On June 19, 1930, a United States Patent and Trademark Office drawing was filed by engineer Emil Podszus of Berlin, Germany, for a “Sound Reproducing Apparatus.” Podszus’s early sound system was the beginning of the audio manufacturing company known as Zellaton and the foundation of its current innovative line. Zellaton’s new Statement loudspeakers, for example, each use five cone drivers—components that change electric signals to sound waves. Each one of these is designed to reproduce a specific frequency range as measured in hertz (Hz), with a single tweeter handling the high end, a pair of midrange drivers, and two 11-inch woofers to cover low tones. In total, the speakers have a frequency response that ranges from 20 Hz all the way up to a lofty 40 kHz.
The company’s proprietary midrange driver delivers near full-range response from 100 Hz to 8 kHz. Such unfettered bandwidth is a remarkable achievement for a single driver, allowing it to reproduce instruments and voices with a natural ease and complete freedom from artificiality.
The drivers in all of Zellaton’s speakers are handmade in Munich by Manuel Podszus (Emil’s grandson), require up to six weeks to manufacture, and have a build quality on par with a military specification product. It’s no wonder that the Statement’s utterly convincing sound pinpoints instruments and voices with uncanny realism.

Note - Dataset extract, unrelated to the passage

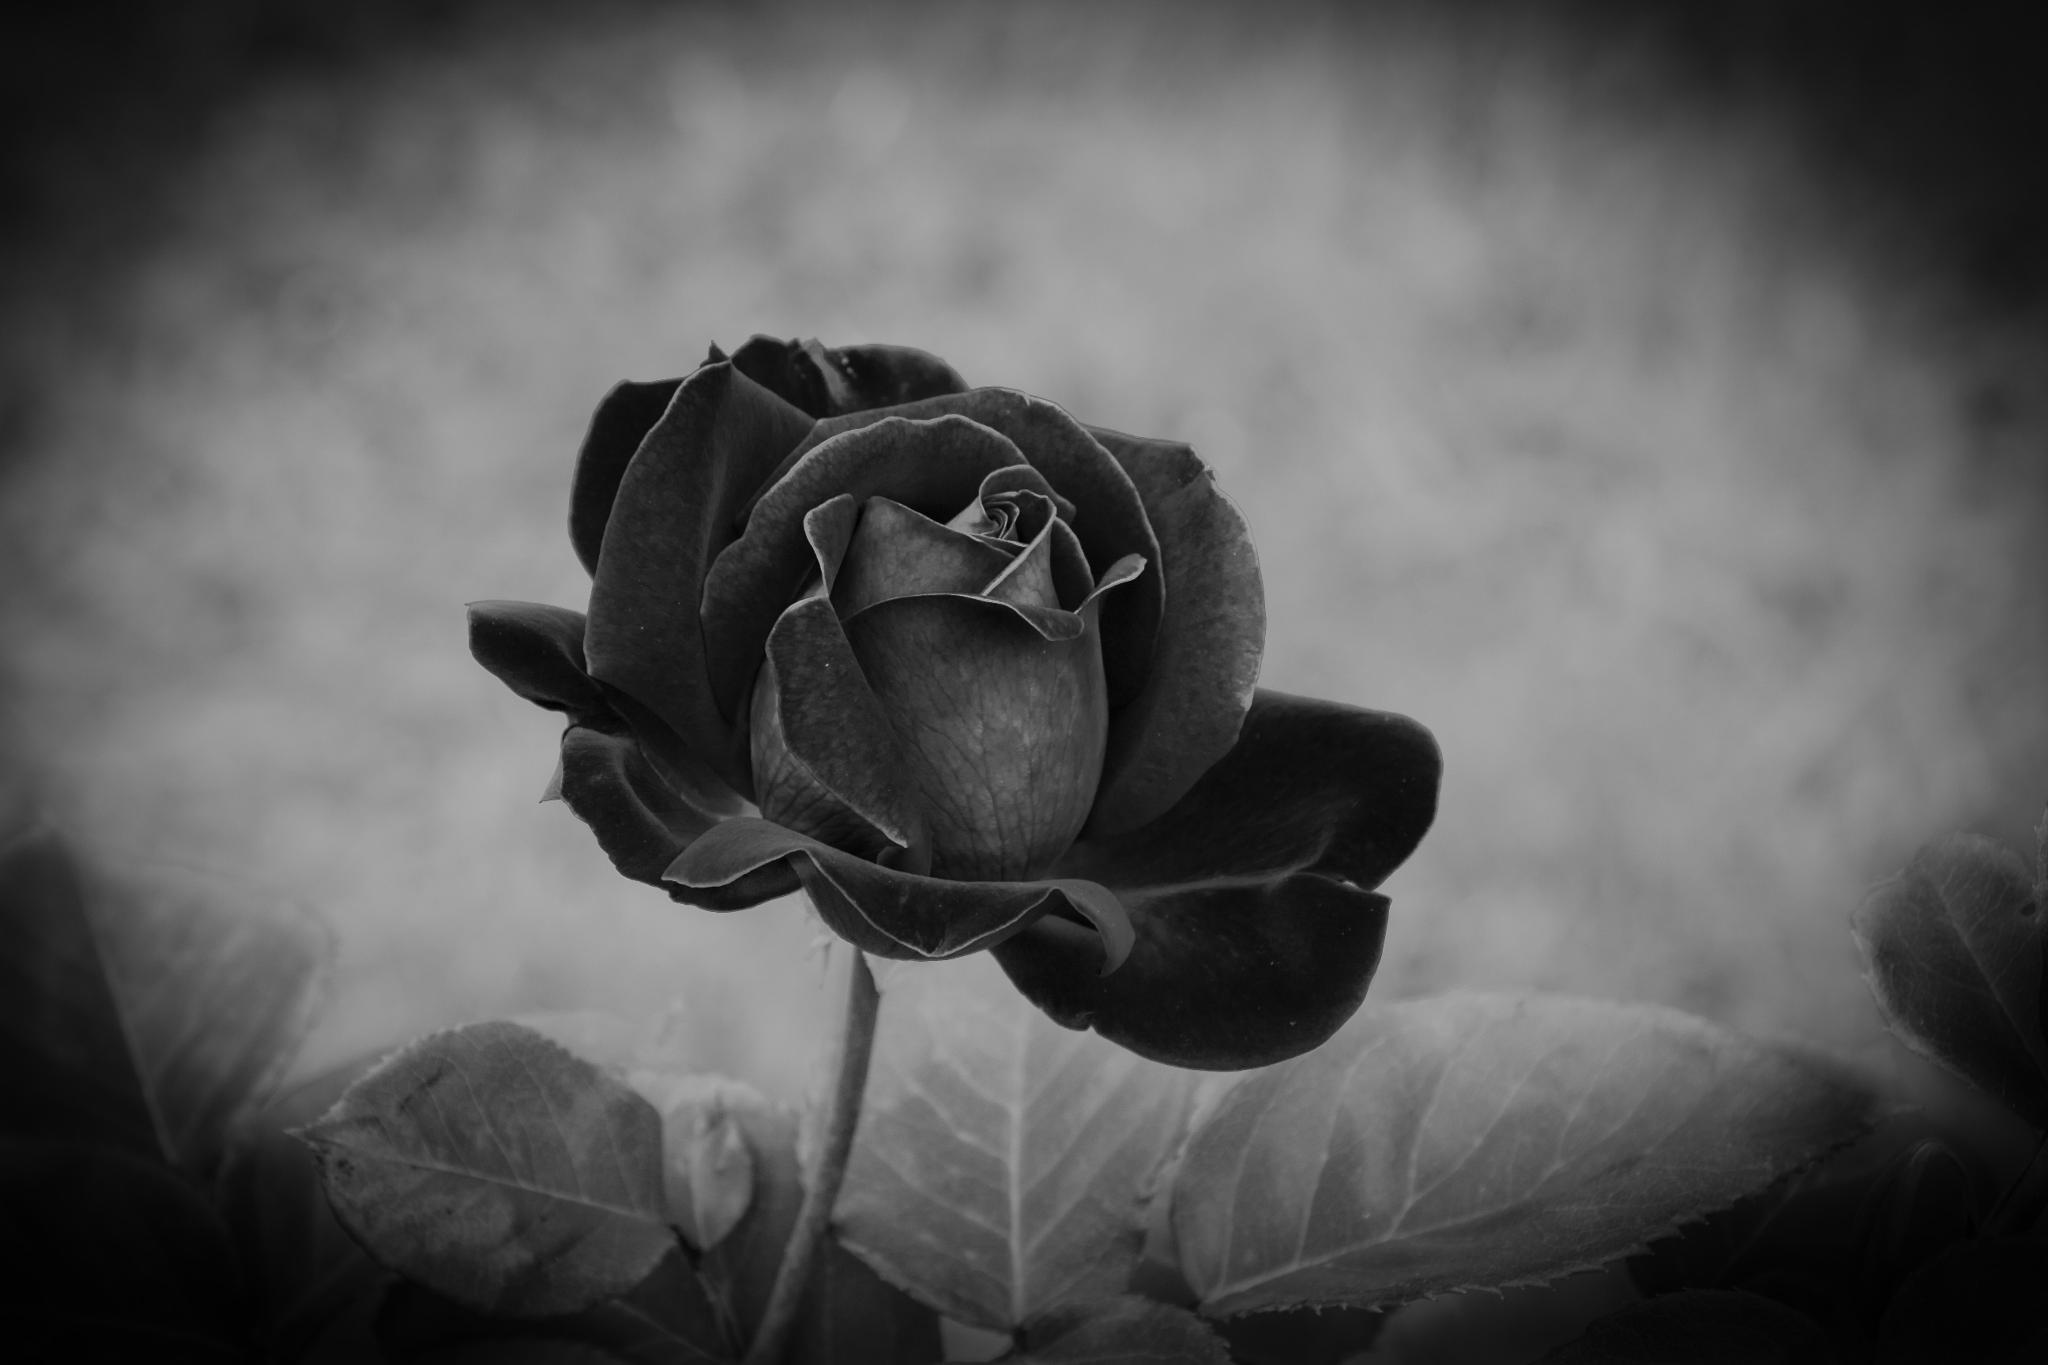 Black rose by Eleonora Ellie Cacciari

Each of the Zellaton Statement’s 771-pound enclosures is nearly six feet in height, but have no fear, this is one piece of tech with a great spouse-approval factor. The speaker’s beautiful matte gray exterior makes a (pardon the pun) statement without being obtrusive, and its faceted cabinet lends some visual interest to equipment that can often be rather staid in appearance. At its size and price—$200,000 per speaker—the Statement serves as an impressive cornerstone for the finest of two-channel audio systems.